ABSTRACT
Candida auris is resistant to multiple antifungal agents. This study investigated its antifungal susceptibility and explored FKS1 mutations across the isolates from mice enterically colonized with wild-type C. auris and treated with echinocandin. Resistant C. auris with FKS1 mutations, including S639F, S639Y, D642Y, R1354H, or R1354Y, were isolated and found to be micafungin- and caspofungin-resistant in vivo; however, the MICs of isolates with mutation in R1354 remained below the micafungin breakpoint in vitro.
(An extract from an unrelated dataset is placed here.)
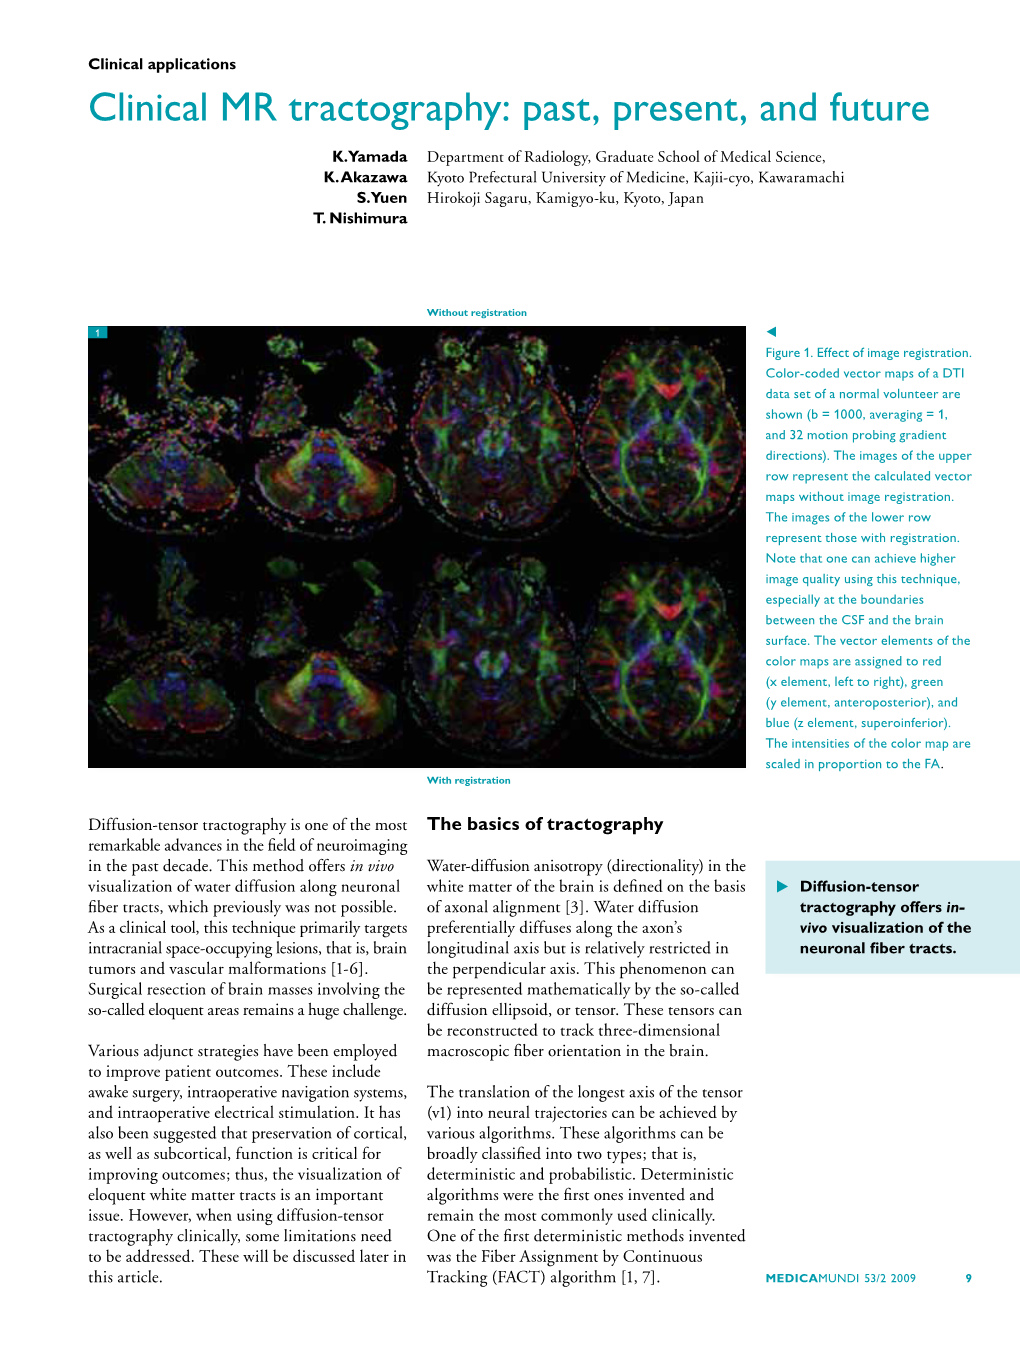 Clinical MR Tractography: Past, Present, and Future

KEYWORDS: Candida auris, yeast, antifungal resistance, gastrointestinal tract, FKS1, echinocandins
TEXT
Candida auris is a multidrug-resistant yeast responsible for causing invasive fungal diseases. Despite this, most C. auris isolates are susceptible to echinocandins, making it the recommended initial treatment for infections caused by C. auris in adults (1). Clinical echinocandin resistance in C. auris is generally associated with amino acid mutations in the hot spot (HS) regions of FKS1, which encode β-1,3-d-glucan synthase (2, 3). The development of echinocandin resistance has been reported in C. auris isolates recovered from patients treated with echinocandins (4–6).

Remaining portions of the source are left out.